Crossref Event Data and the importance of understanding what lies beneath the data.
Some things in life are better left a mystery. There is an argument for opaqueness when the act of full disclosure only limits your level of enjoyment: in my case, I need a complete lack of transparency to enjoy both chicken nuggets and David Lynch films. And that works for me. But metrics are not nuggets. Because in order to consume them, you really need to know how they’re made. Knowing the provenance of data, along with the context with which it was derived, provides everyone with the best chance of creating indicators which are fit for purpose. This is just one of the reasons why we built the Event Data infrastructure with transparency in mind.
The transparency problem
For the scholarly community, alternative metrics to citation count (‘altmetrics’) are becoming increasingly popular as they can offer rich and expedited insight into today’s diverse and dynamic research environment. Research artifacts undergo an extended life online as they’re linked, shared, saved and discussed in forums both within and beyond the traditional academic ecosystem. Data on these interactions are initially fragmented and buried within platforms like social media, blogs and news sites. Downstream, there are several value-add services that collate and present that data as a single, aggregated count. We see individual data points like ‘paper X was tweeted 22 times’, and ‘paper X is referenced 16 times on Wikipedia’ being combined, homogenised, weighted and expressed as a single figure, a calculated number serving as a proxy for value. But altmetrics alone don’t tell the whole story, and how they are calculated is not without idiosyncrasy or politics. As we each have our own unique voice and perspective, we need to ensure we understand the lenses through which these metrics are made in order to consume them effectively.

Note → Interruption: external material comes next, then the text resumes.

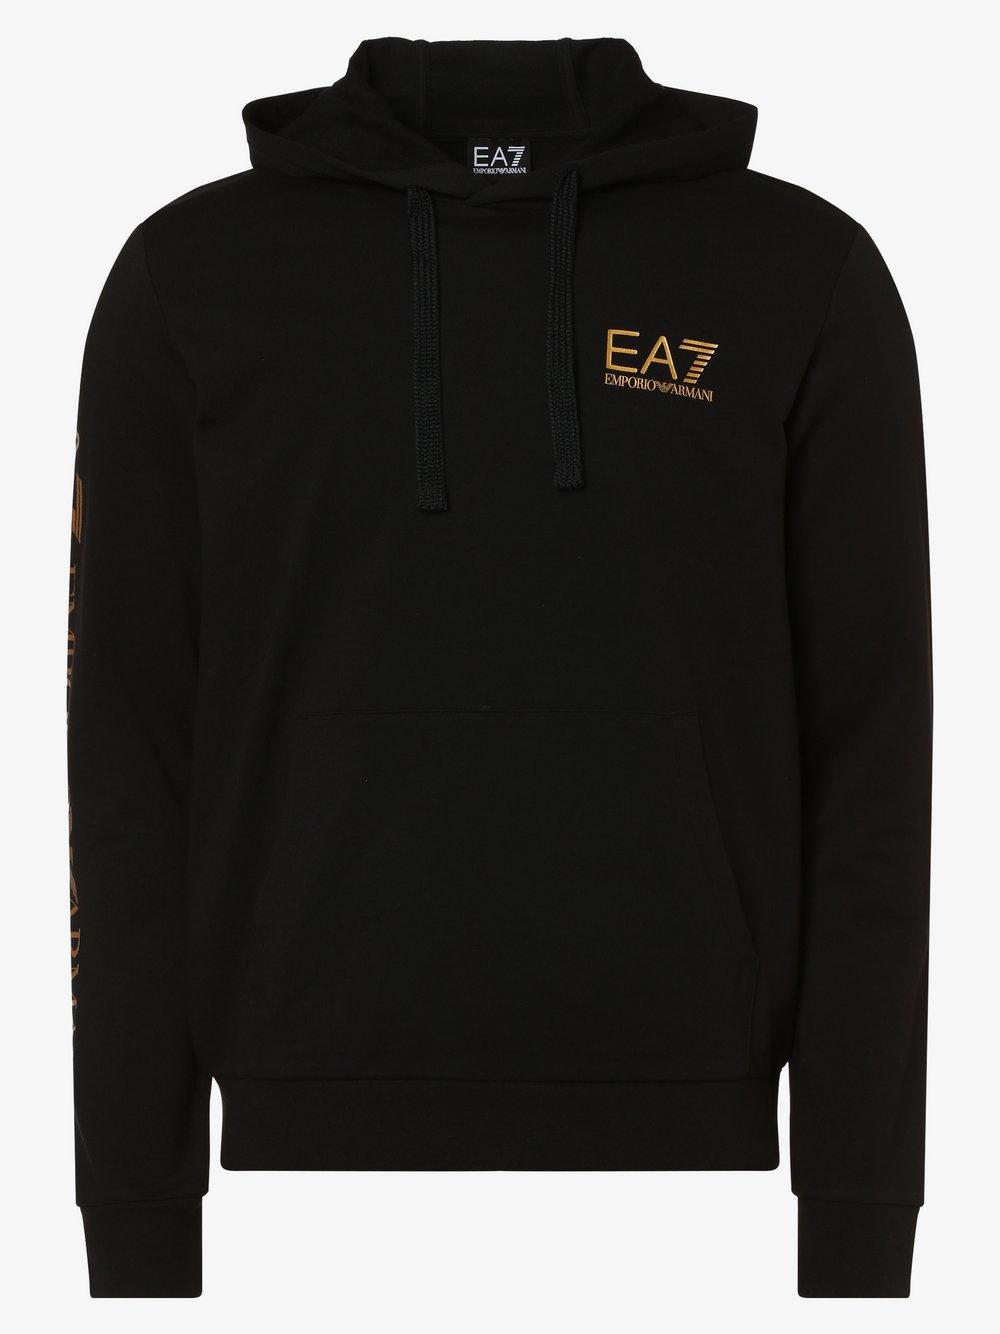 EA7 Emporio Armani - Męska bluza nierozpinana, czarny

The 2015 Metric Tide report highlighted transparency as one of the five dimensions of responsible metrics. Having access to the context used to create a metric — the provenance of the original data as well as full transparency around its extraction, processing and aggregation — helps consumers to use the data meaningfully and allows for comparison across third-party vendors. But transparency is difficult to achieve when, as the report notes, the systems and infrastructure for collecting and curating altmetrics-style data are fragmented and have limited interoperability.
In the academic community, underlying centralised systems include ORCIDs to identify people and DOIs to identify items. But we’re missing a transparent, centralised infrastructure for describing and recording the relationships between objects and resources1. These relationships, or links, occur outside publisher platforms and can provide valuable information about the interconnectivity and dissemination of research. Dedicated infrastructure for collecting these relationships would provide a data source for those interested in altmetrics to build upon.
Figure 1.1 Example of some relationships between articles and activity on the web
At Crossref, we call these relationships Events. An Event is the record of a claim made about the existence of a relationship between a registered content item (i.e. a DOI) and a specific activity on the web. Events include:
- a DataCite dataset DOI contains a link to a Crossref article DOI
- an article was referenced in Wikipedia
- an article was mentioned on Twitter
- an article has a Hypothes.is annotation
- a blog contains a link to an article
In collaboration with DataCite, we are collecting Events for the DOIs registered with our organisations and are making that data available for others in the community to use. This is the Event Data infrastructure, with which we’re plugging the gap in open scholarly relationships infrastructure.
The Event Data infrastructure
Crossref and DataCite have for many years provided a centralised location for bibliographic metadata and links, and a facility to help our members register Persistent Identifiers (DOIs) for their content. With nearly 100 million DOIs registered with Crossref, we know where research lives. Which got us thinking — could we use these links to find out more about the journey research undertakes after publication? Could we express these interactions as links without any aggregation or counts so it could be maximally reused? And if so, could we then provide this data in an open, centralised, structured format? The answer was yes, subject to some challenges:
- Querying for individual DOIs wasn’t scalable for our full corpus of 100 million items, so we had to find something else.
- Not everyone uses the DOI link (not a surprise!). Most people will link directly to the publisher’s site. This means we need to look for links using both the DOI and article landing page URLs.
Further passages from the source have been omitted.